I had a bit of a rough end of the week last week. Went all panicky and had some walking in circles trying to turn off my brain fits of time. I'm better now mostly. It doesn't help that I'm in a period of great flux. For me anyway. I need to get a car cause my old car has pretty much died on me. I need a new job cause I have a crush on my boss and I can't date him and keep my job (actually, he'd probably get fired, but since I don't even know if he's interested I can't imagine him switching jobs for me anytime soon). And I have a crush on my boss. He's not the boss or anything, more like an underboss, but still someone with more authority than me. And I haven't liked anyone this much since Andy, I think it's got to be hormonal in large part. I mean, for awhile now I've been trying to get interested in this guy or that one but it's all been kind of lukewarm. And he's not the person I'd expect to like, I wouldn't immediately imagine he's my type, but I guess he is. Maybe I'm just starved for people to talk about films with. Maybe it's because he likes Belle and Sebastian. Could be either/or. I'm also the kind of person who tries to play out a whole relationship in her head before it happens, so I've gone through a lot of this won't work scenarios, I kind of need this lust-madness to get me over the just trying hump. Not like leg hump, like hurdle hump. Rude people.

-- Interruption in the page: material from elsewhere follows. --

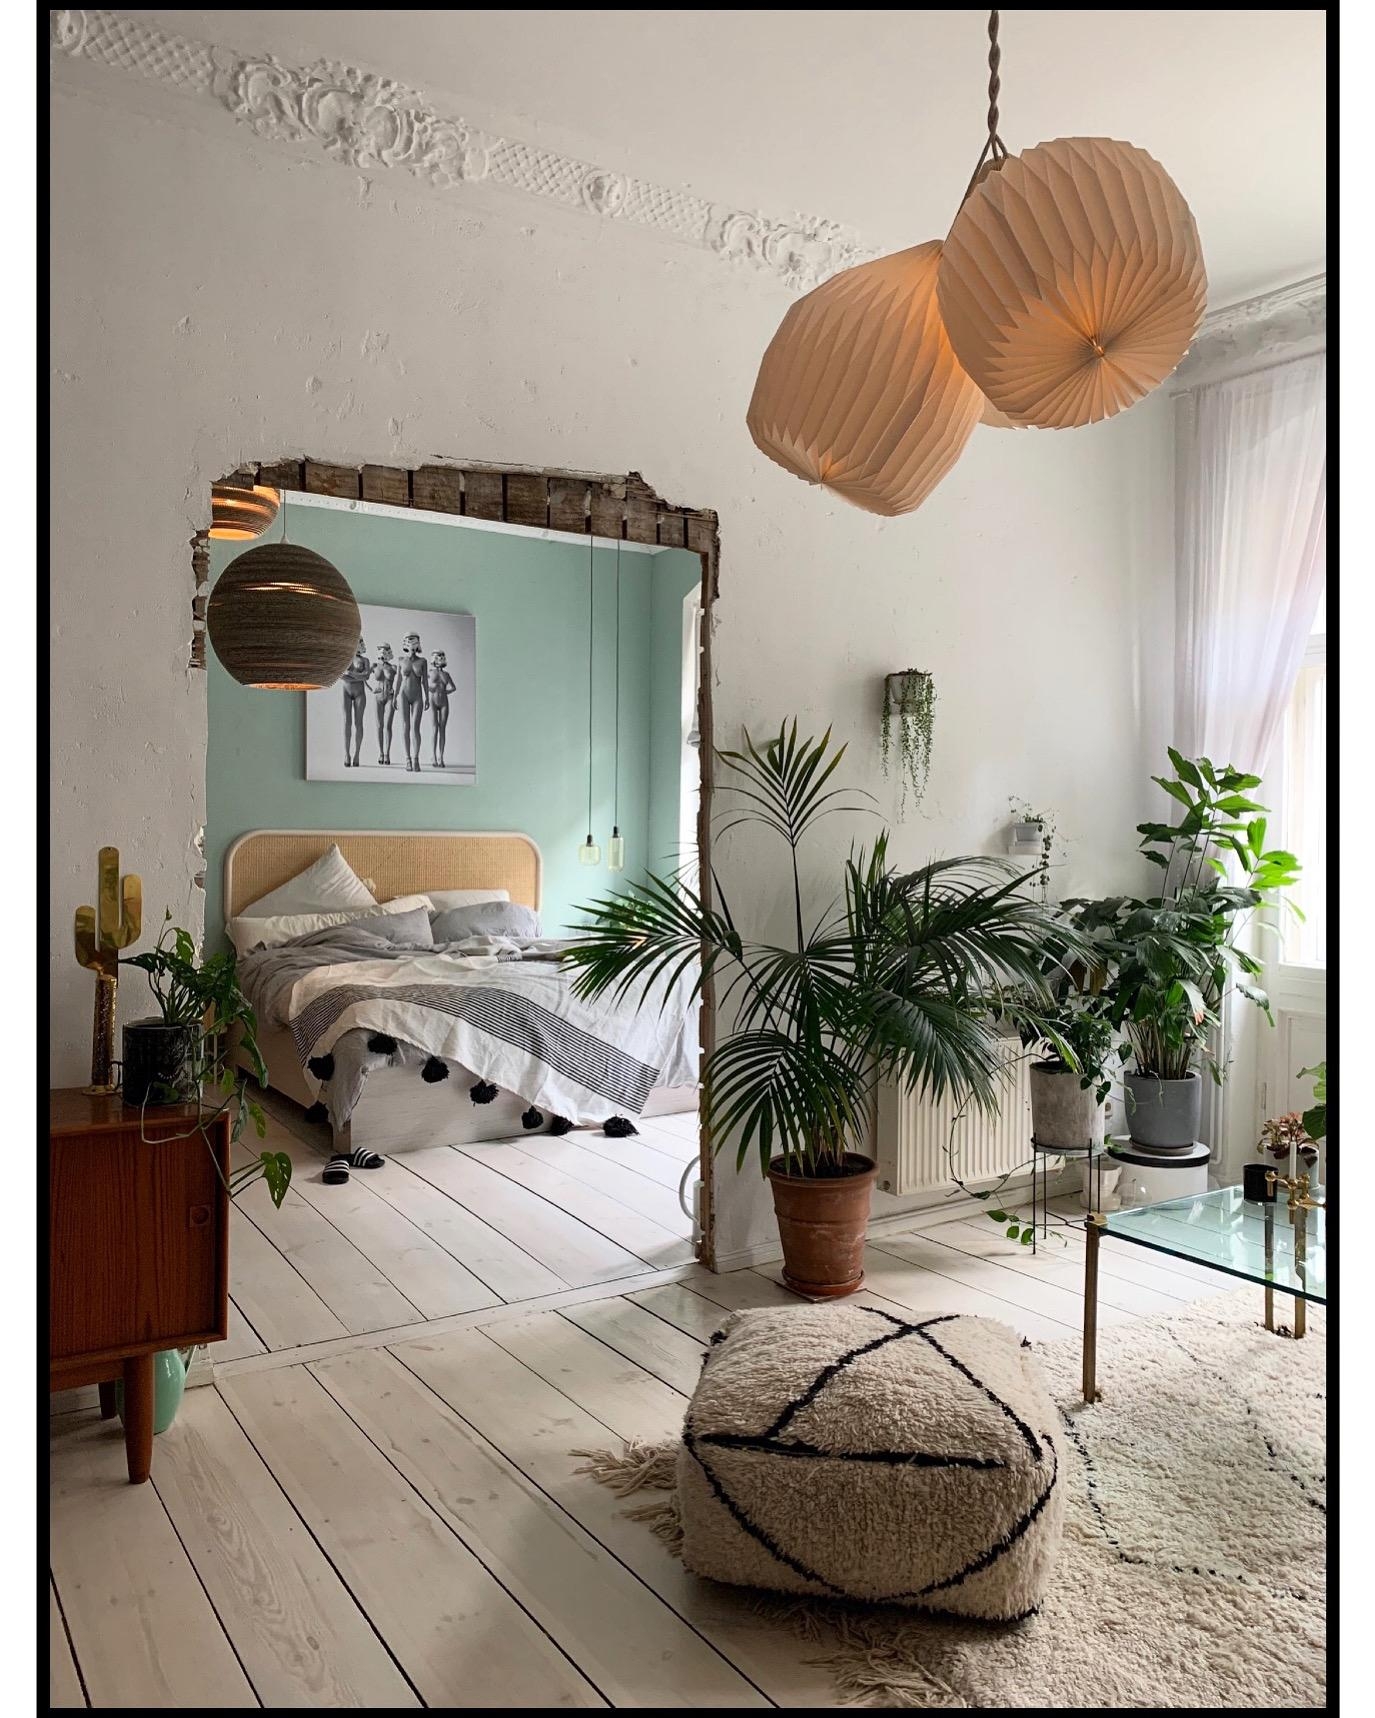 #livingroom #bedroom #homeinspo lights #floor #plants

Last night I had a dream where Andy was there, we had broken up I guess, though I didn't remember why, and we were getting back together and talking and I thought do I want to get back together with Andy or continue with new guy? Ok, in real life I have no clue how that would work out, and maybe I'm making too much of this, but I swear, it was all my subonscious at work here. I'm a master of dream interpretation when it comes to my own and I think that it was my mind's way of saying that I'm ready to try and have a real relationship with someone again. But God I hope I don't end up falling on my face on this one.